Retype, without changes, every line from the line that contains "202101021588(1421888-H)" through the final line of the records. Exclude pictures.
>>>>
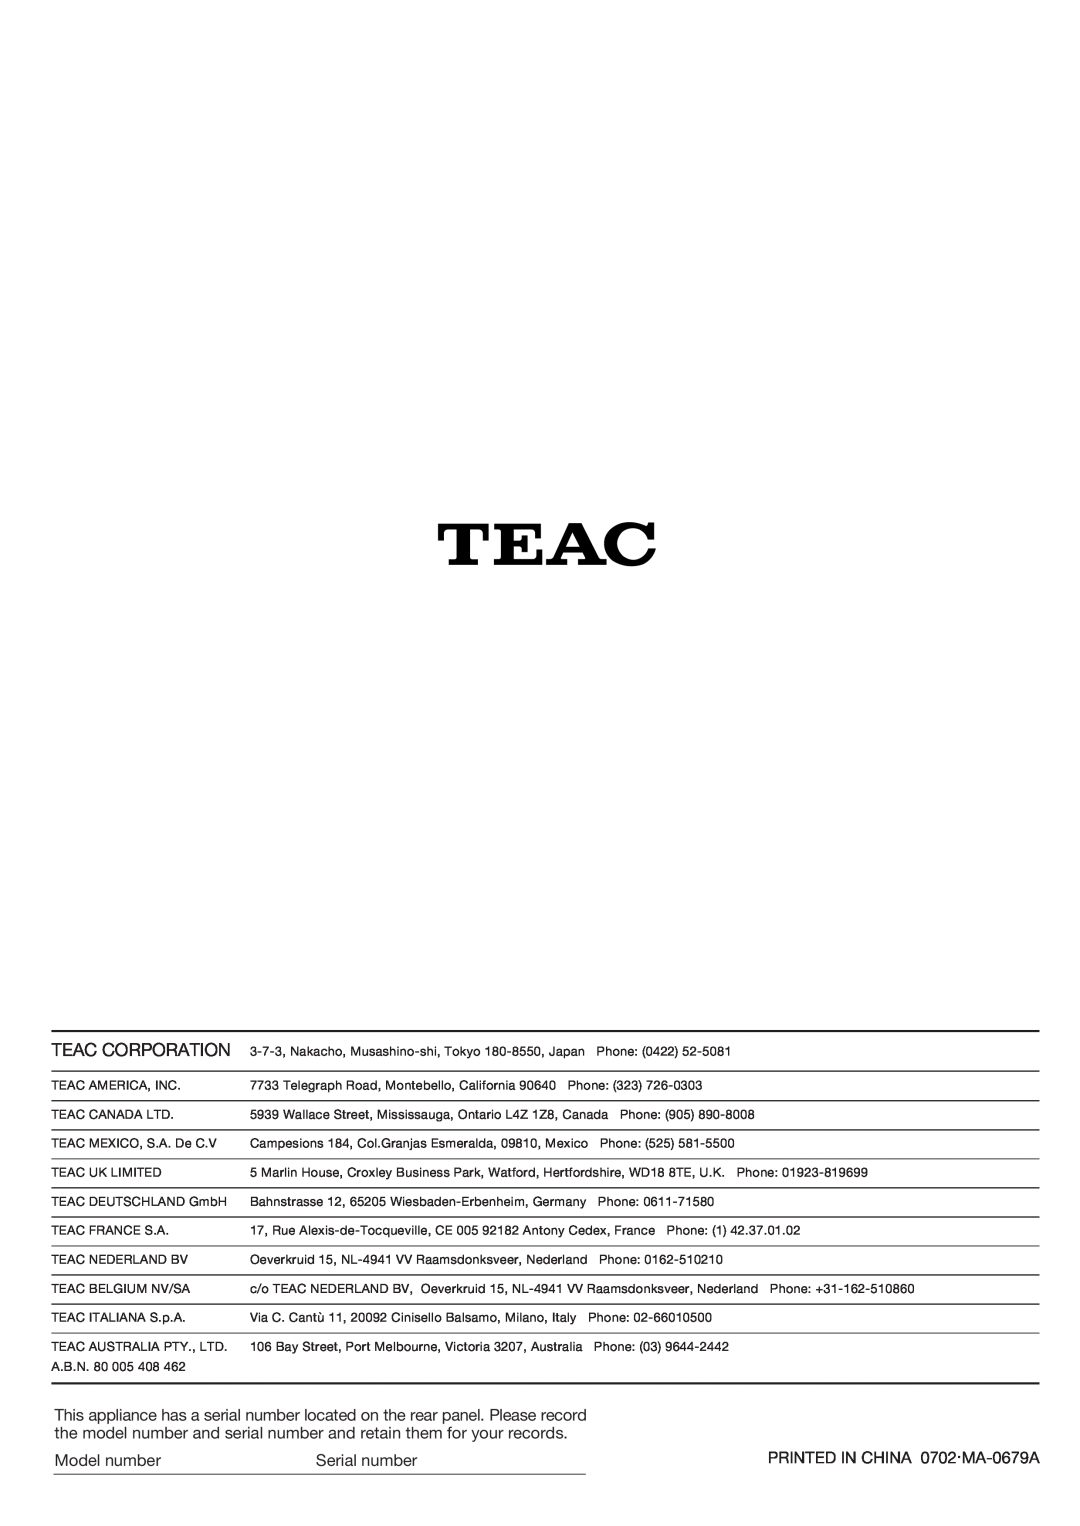 Teac SL-D90 Teac Corporation, the model number and serial number and retain them for your records, Model number 
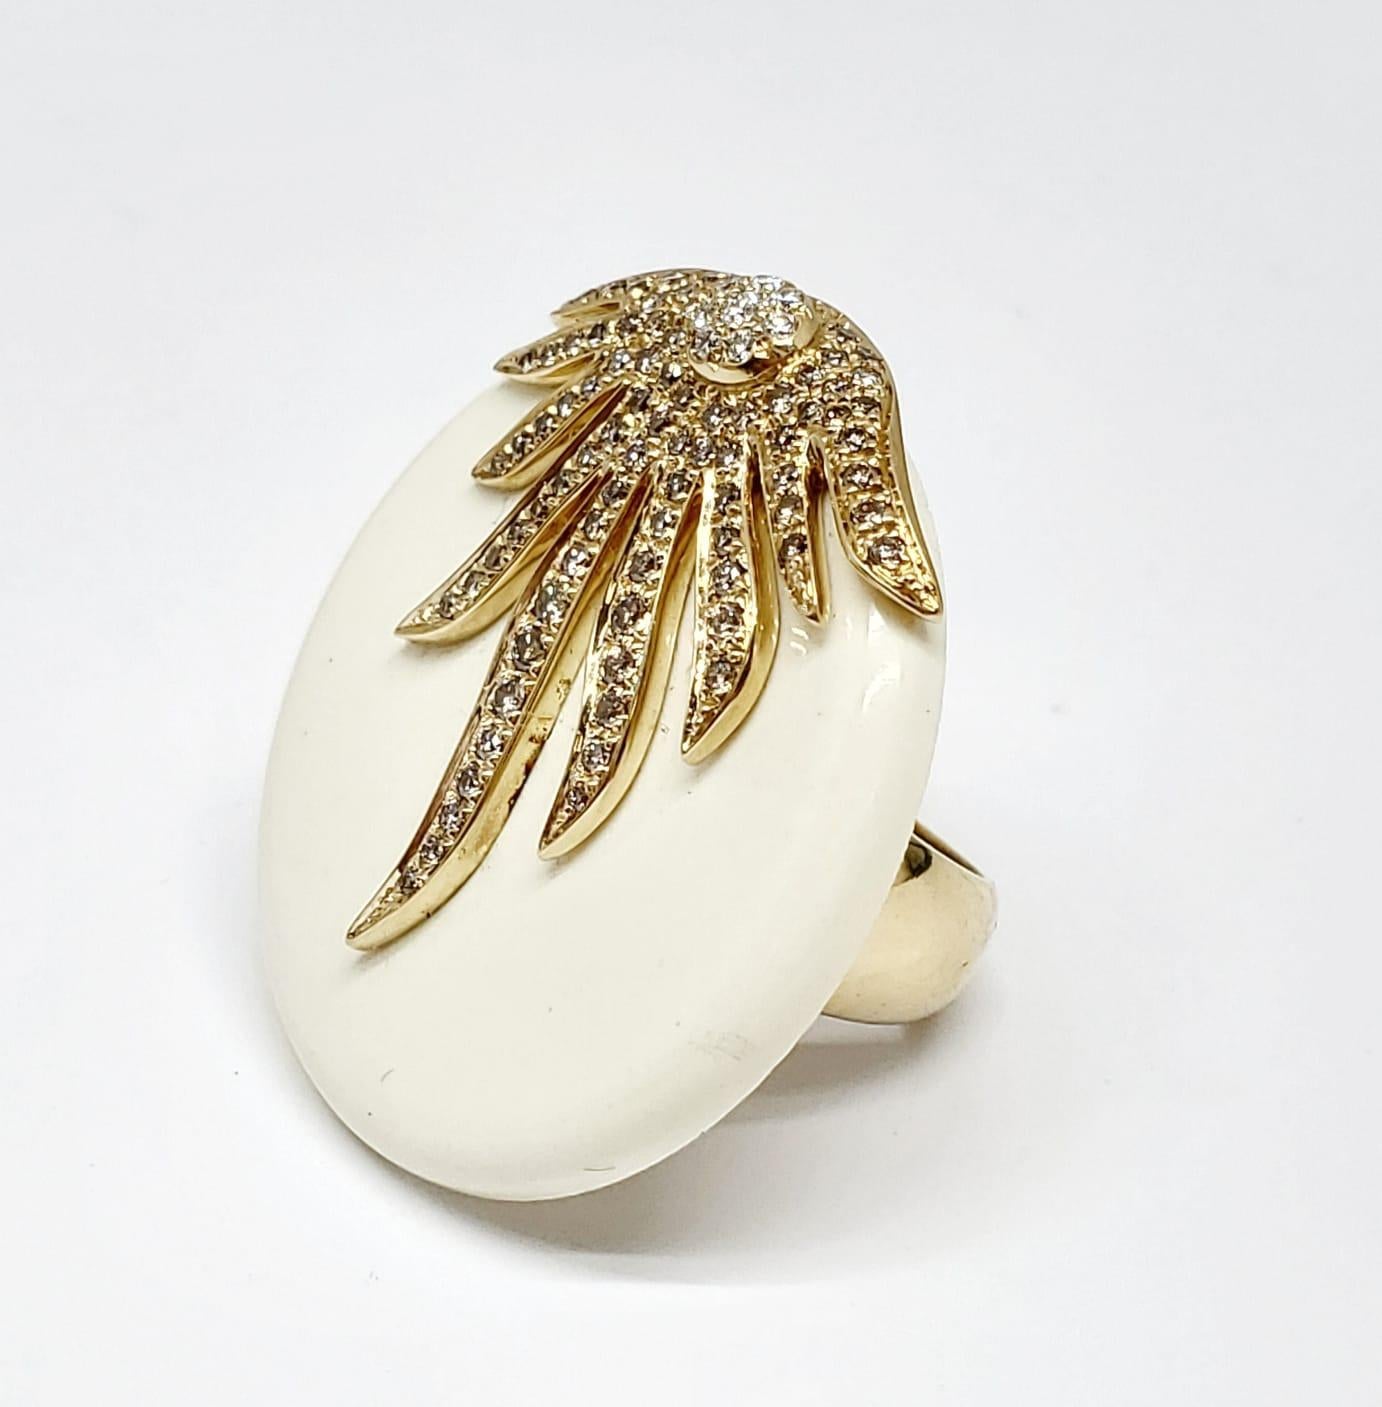 Brilliant Cut Andreoli Ivory Agate White and Cognac Diamond Cocktail Ring 18 Karat Yellow Gold For Sale
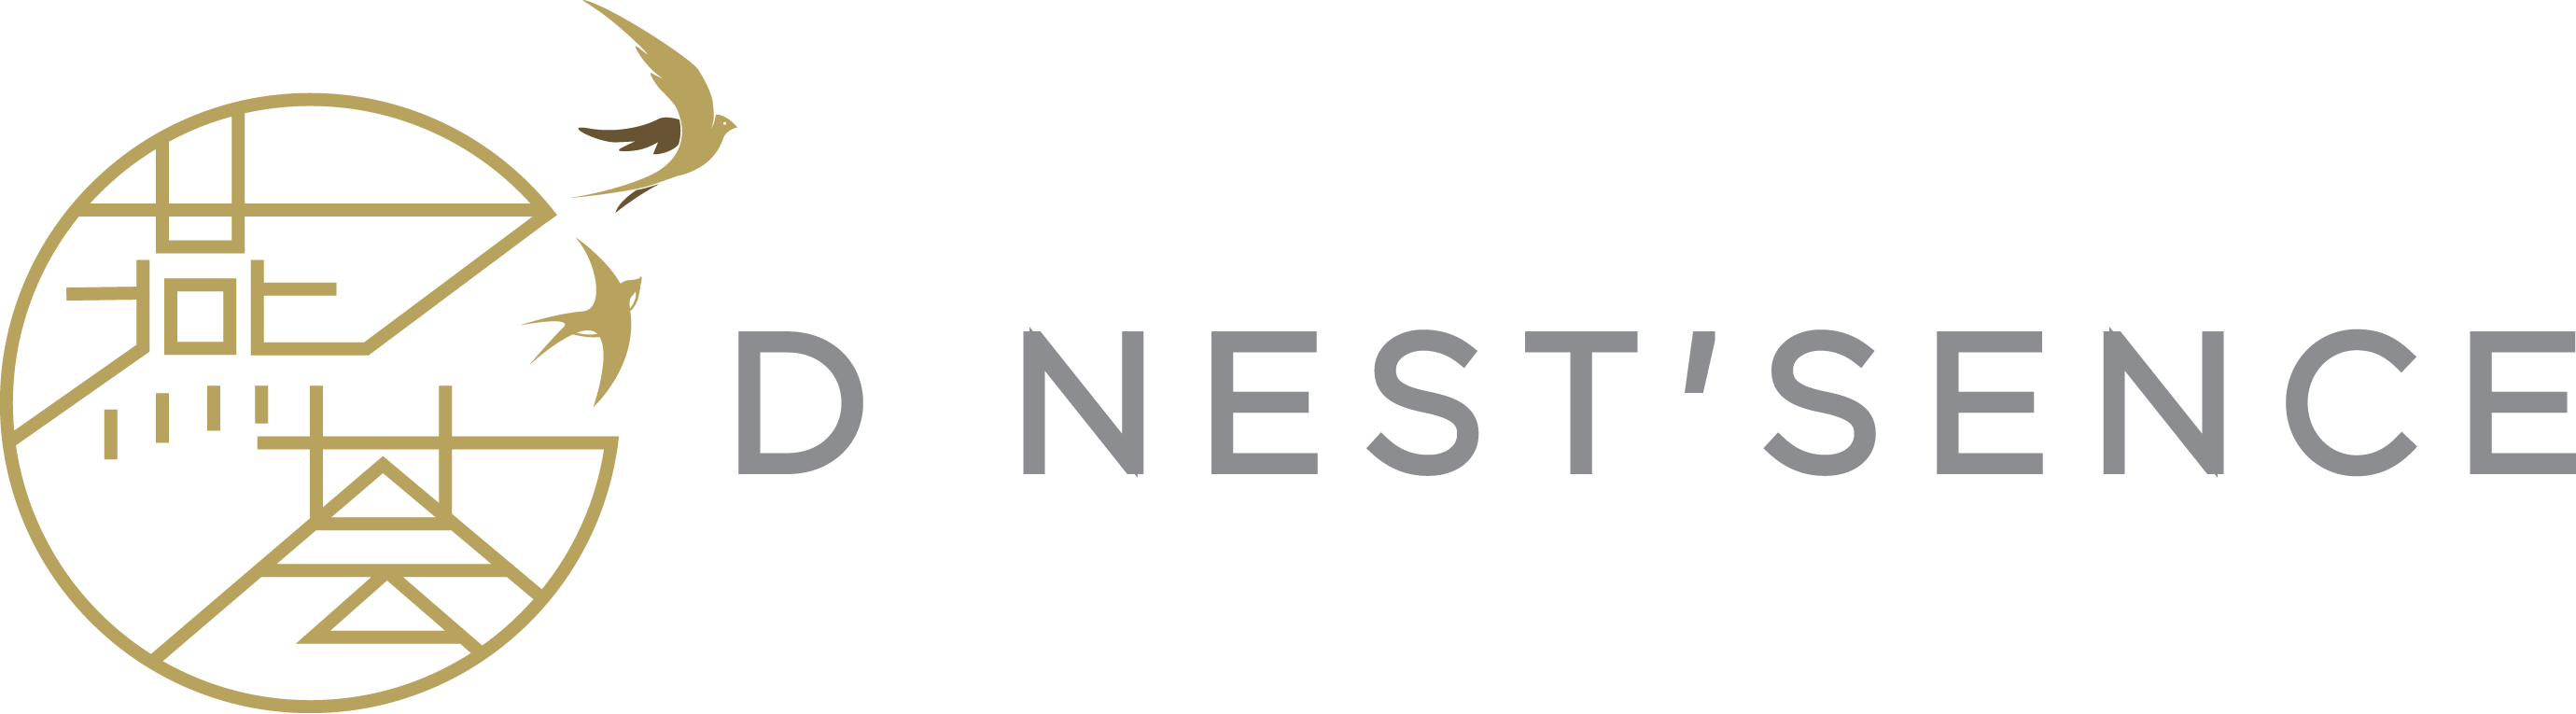 D Nestsence Sdn Bhd <br/>
Formerly known as Medestin Sdn Bhd)
202101021588(1421888-H)
We create the largest digital marketing plaform for freshly stewed birdnest in Malaysia! Make natural nourishment more eaiser! Our vision is to become the preferred brand of fresh stewed birdnest users in Malaysia, so that everyone can eat 
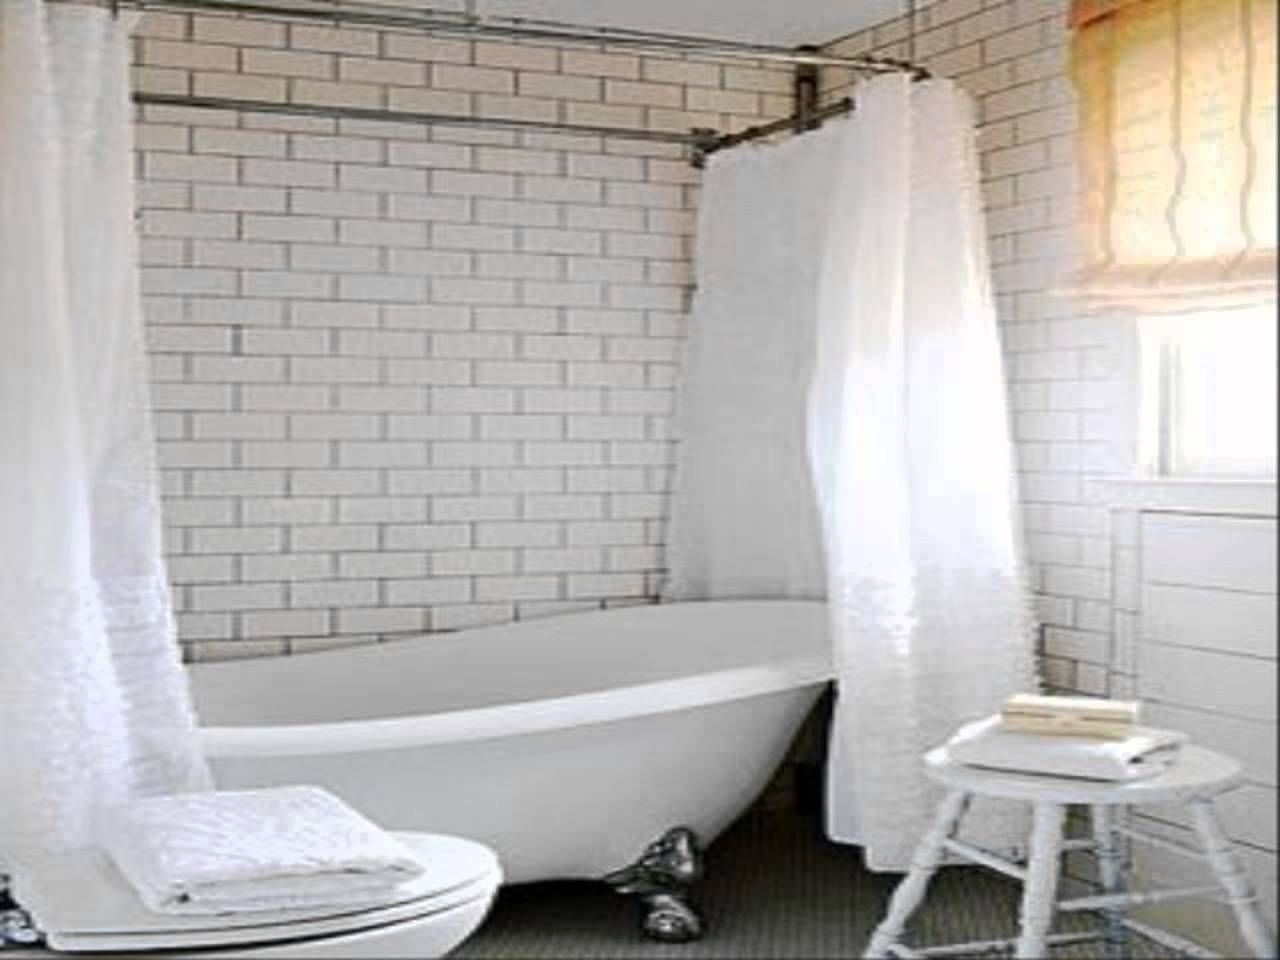 Claw Foot Tub Wall Mounted Shower Curtain Rod Add A Shower With With Shower Curtains For Clawfoot Tubs (View 4 of 25)
<<<<
*Solution below*
202101021588(1421888-H)
We create the largest digital marketing plaform for freshly stewed birdnest in Malaysia! Make natural nourishment more eaiser! Our vision is to become the preferred brand of fresh stewed birdnest users in Malaysia, so that everyone can eat 
 Claw Foot Tub Wall Mounted Shower Curtain Rod Add A Shower With With Shower Curtains For Clawfoot Tubs (View 4 of 25)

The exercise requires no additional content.